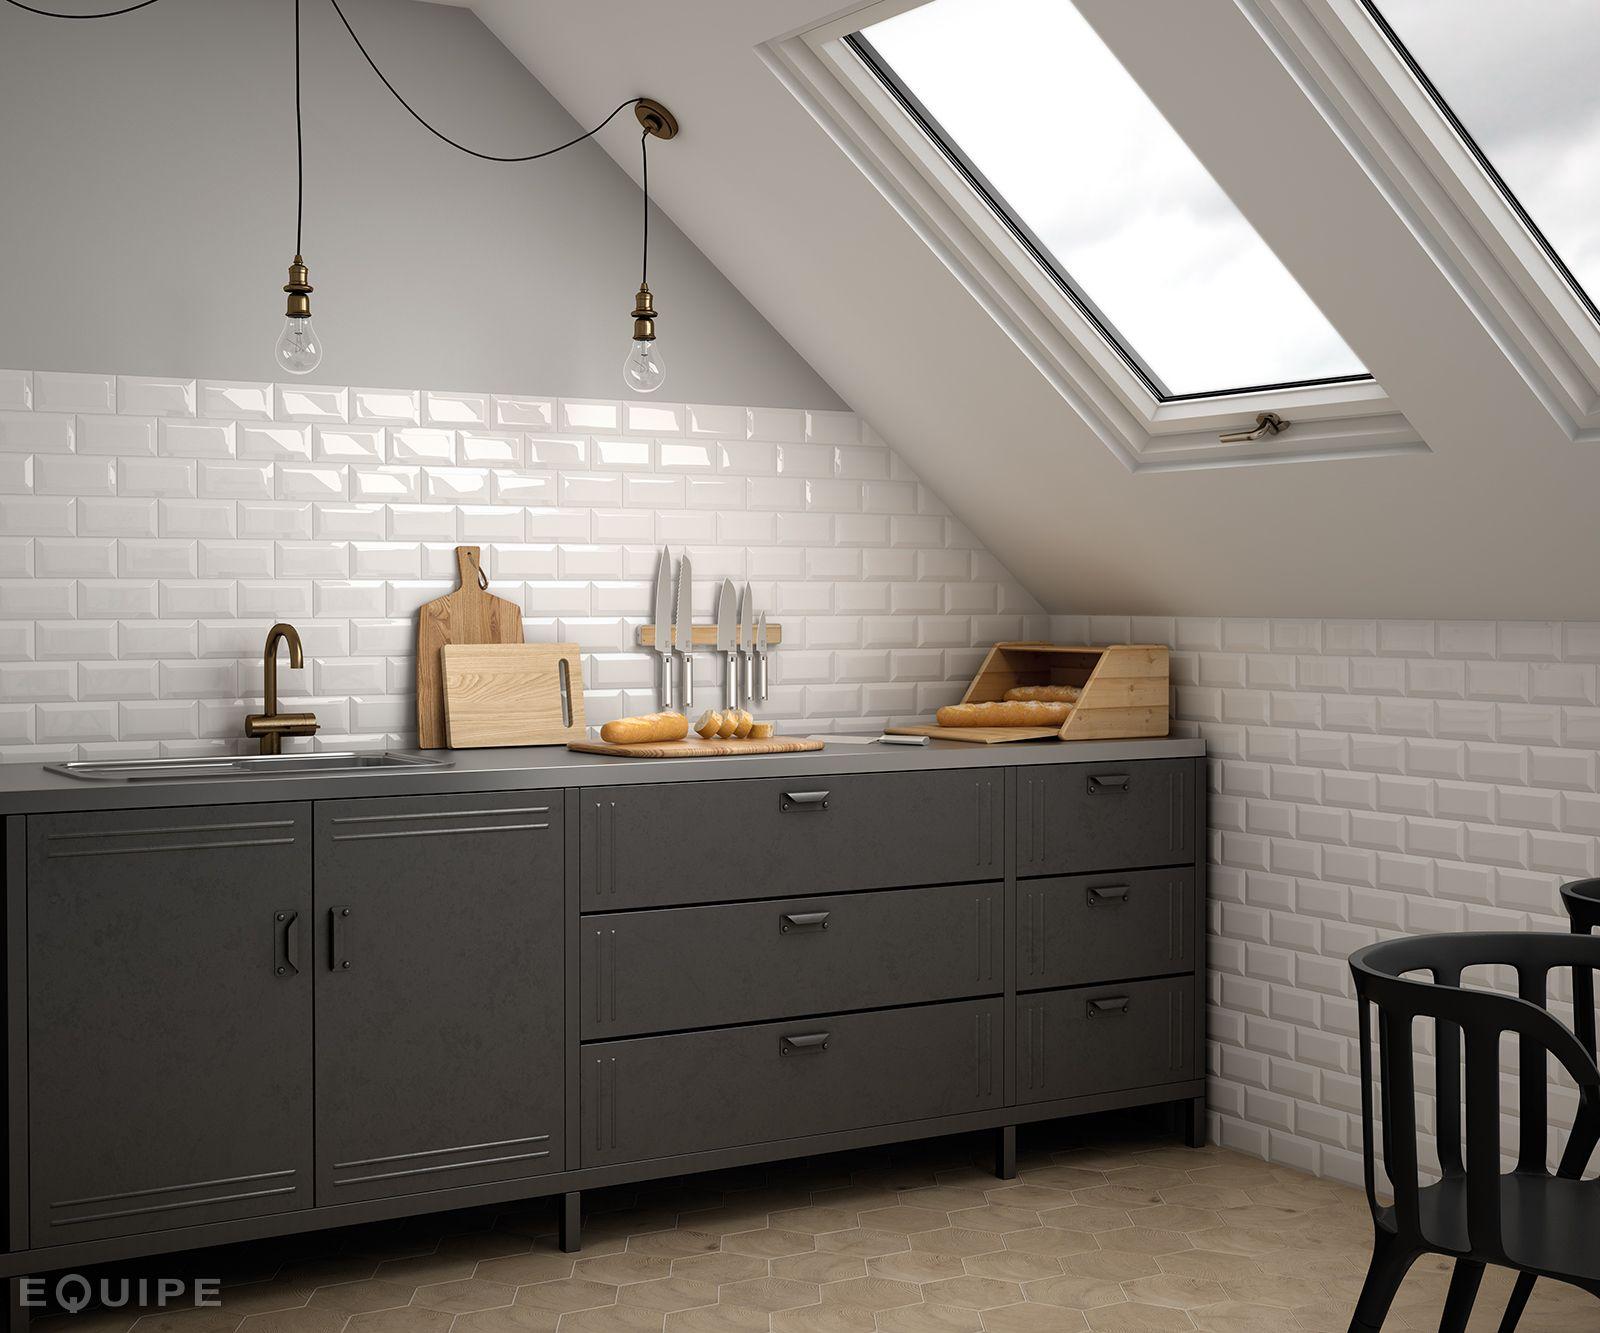 Metro white hexawood natural kitchen walls
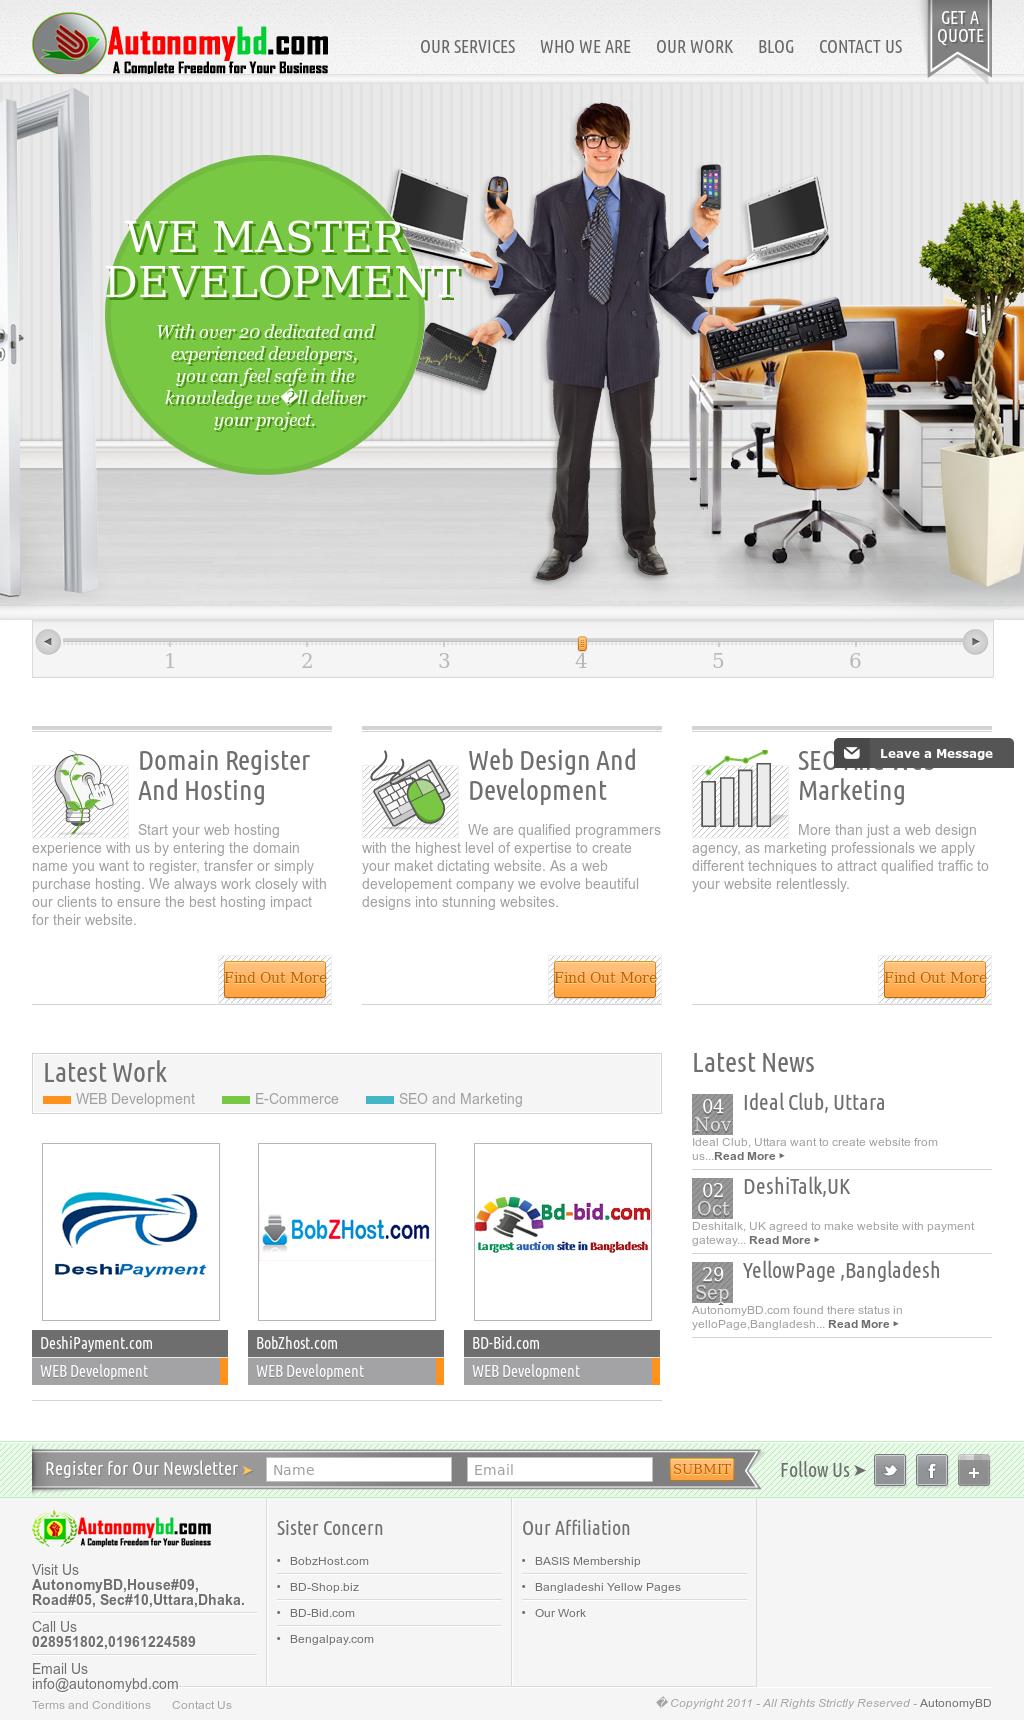 Autonomy Bd Competitors, Revenue and Employees - Owler Company Profile
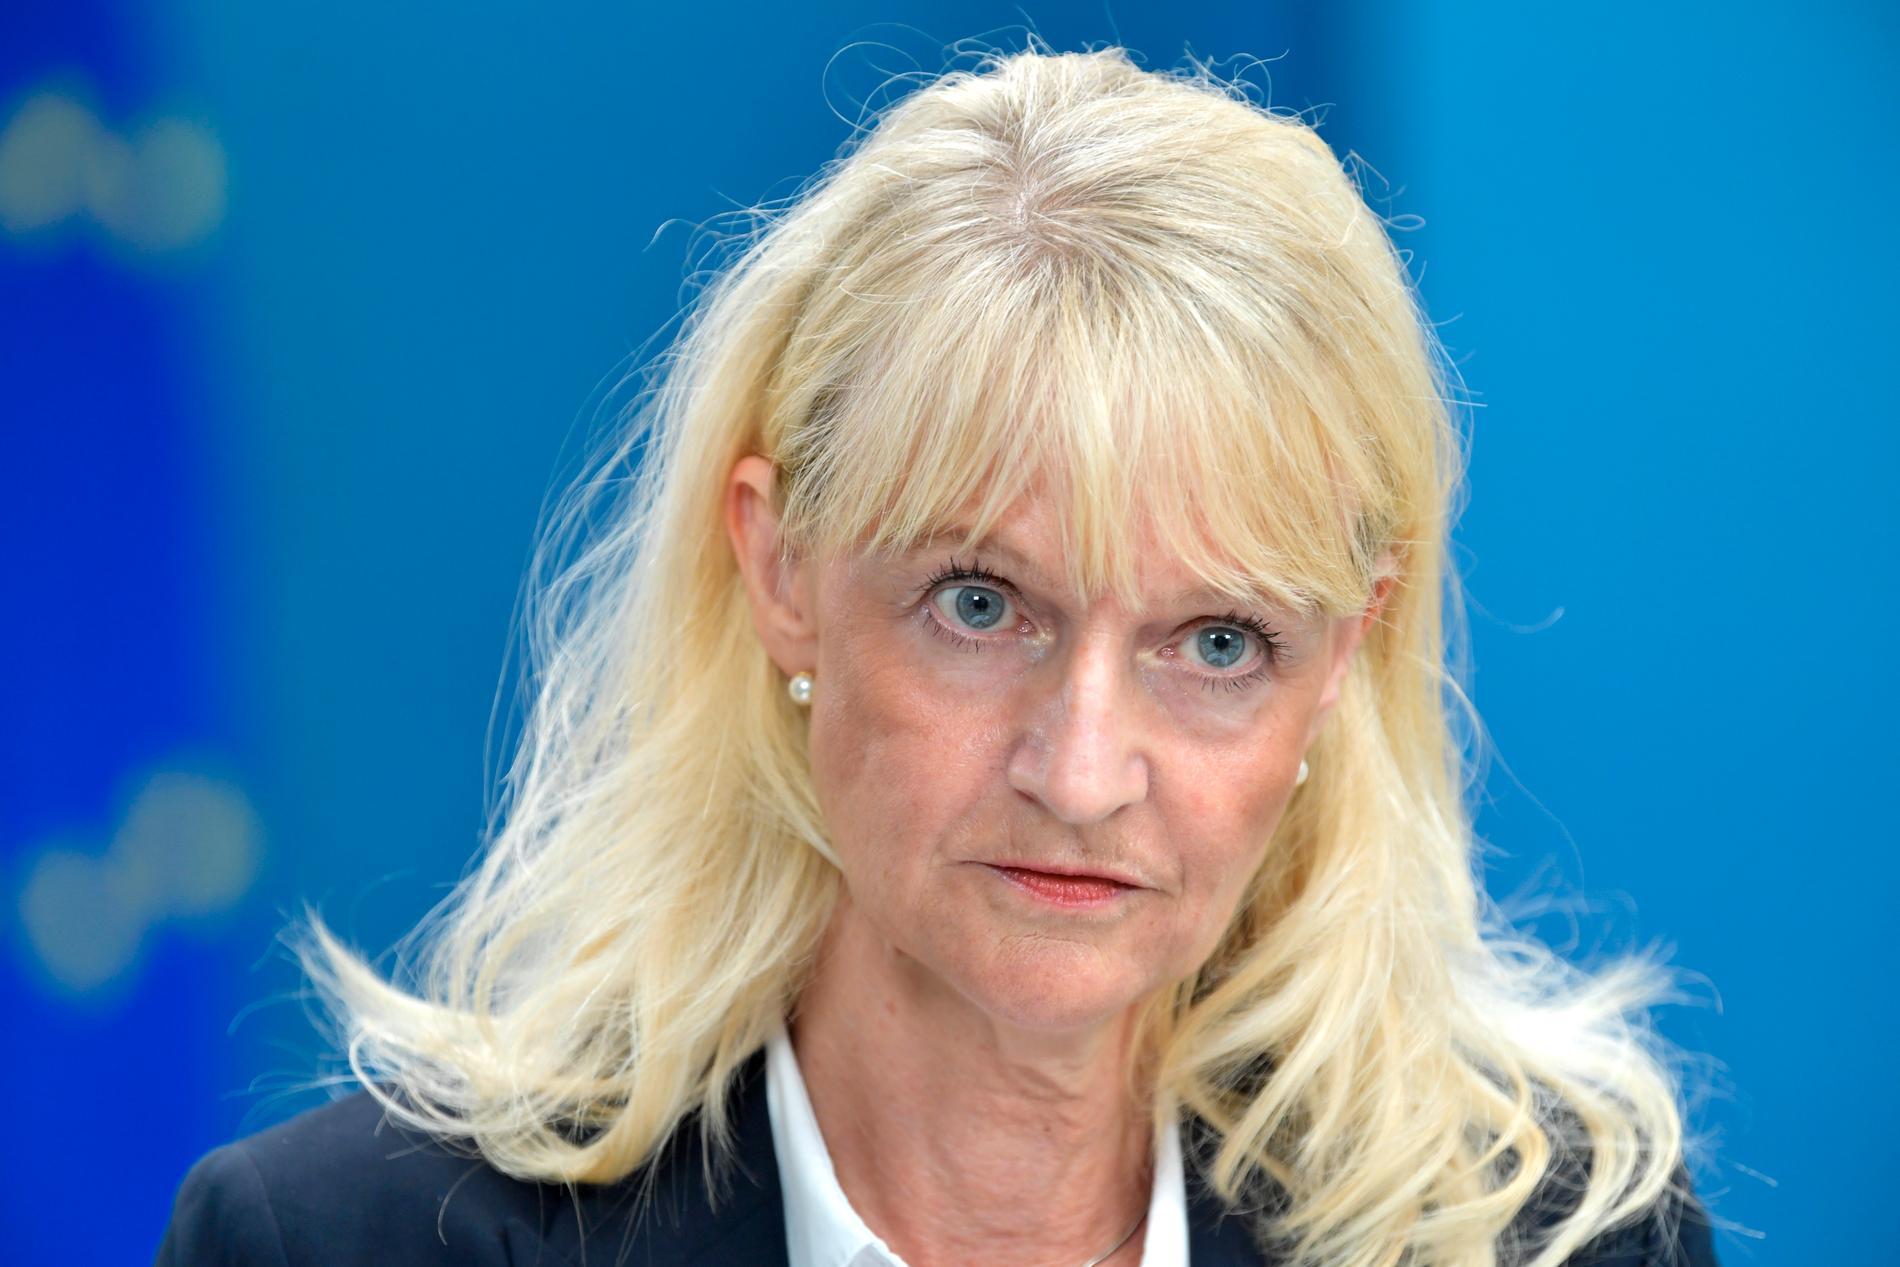 Charlotte von Essen har utsetts till ny säkerhetspolischef. Arkivbild.
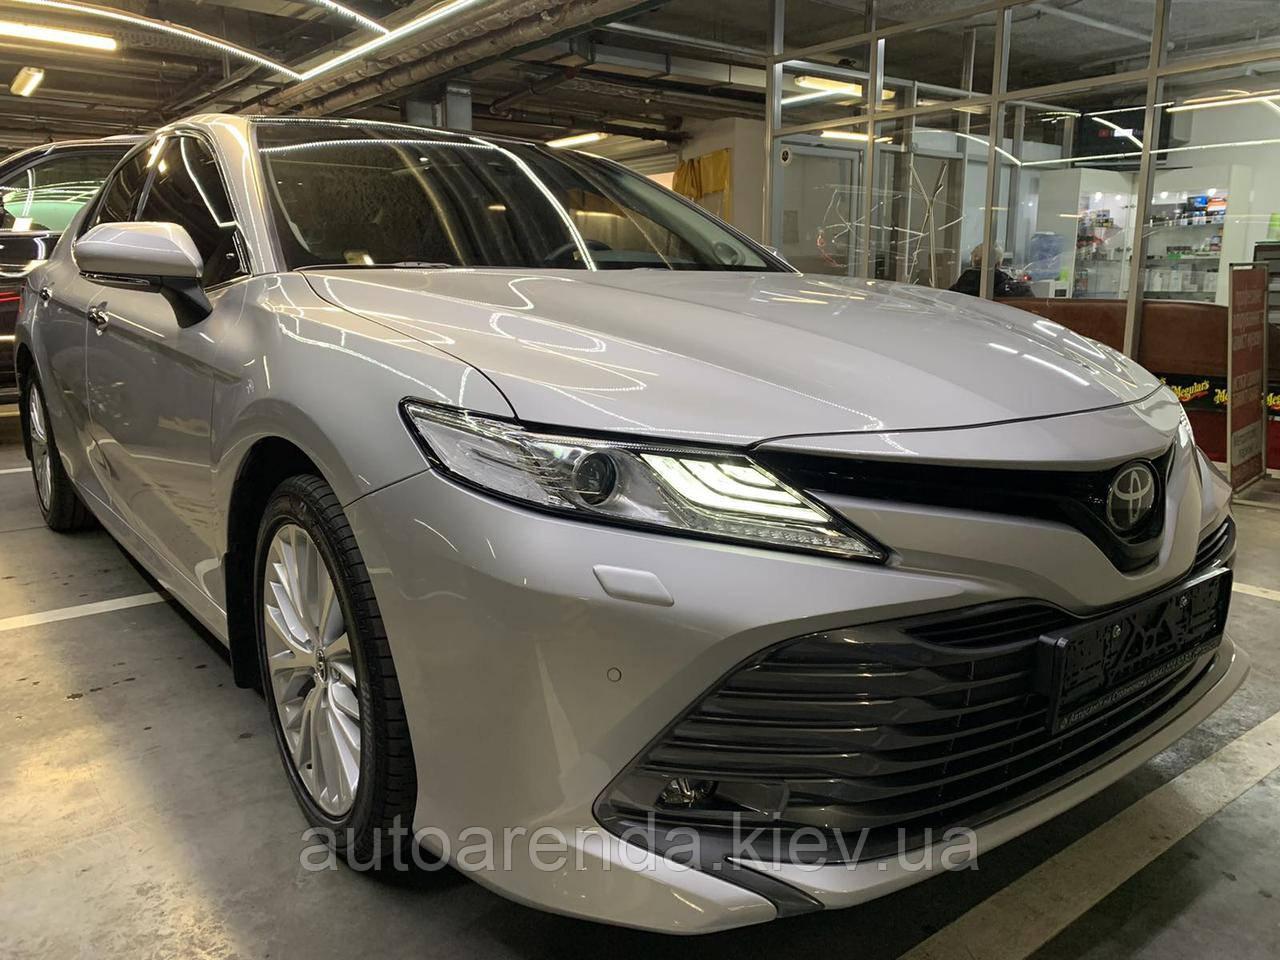 Аренда Toyota Camry V 70 (2020 года выпуска)

Problem to solve:
Output all the material verbatim, skipping every image.

Response to the exercise:
 Metro white hexawood natural kitchen walls
 Autonomy Bd Competitors, Revenue and Employees - Owler Company Profile
 Charlotte von Essen har utsetts till ny säkerhetspolischef. Arkivbild.
 Аренда Toyota Camry V 70 (2020 года выпуска)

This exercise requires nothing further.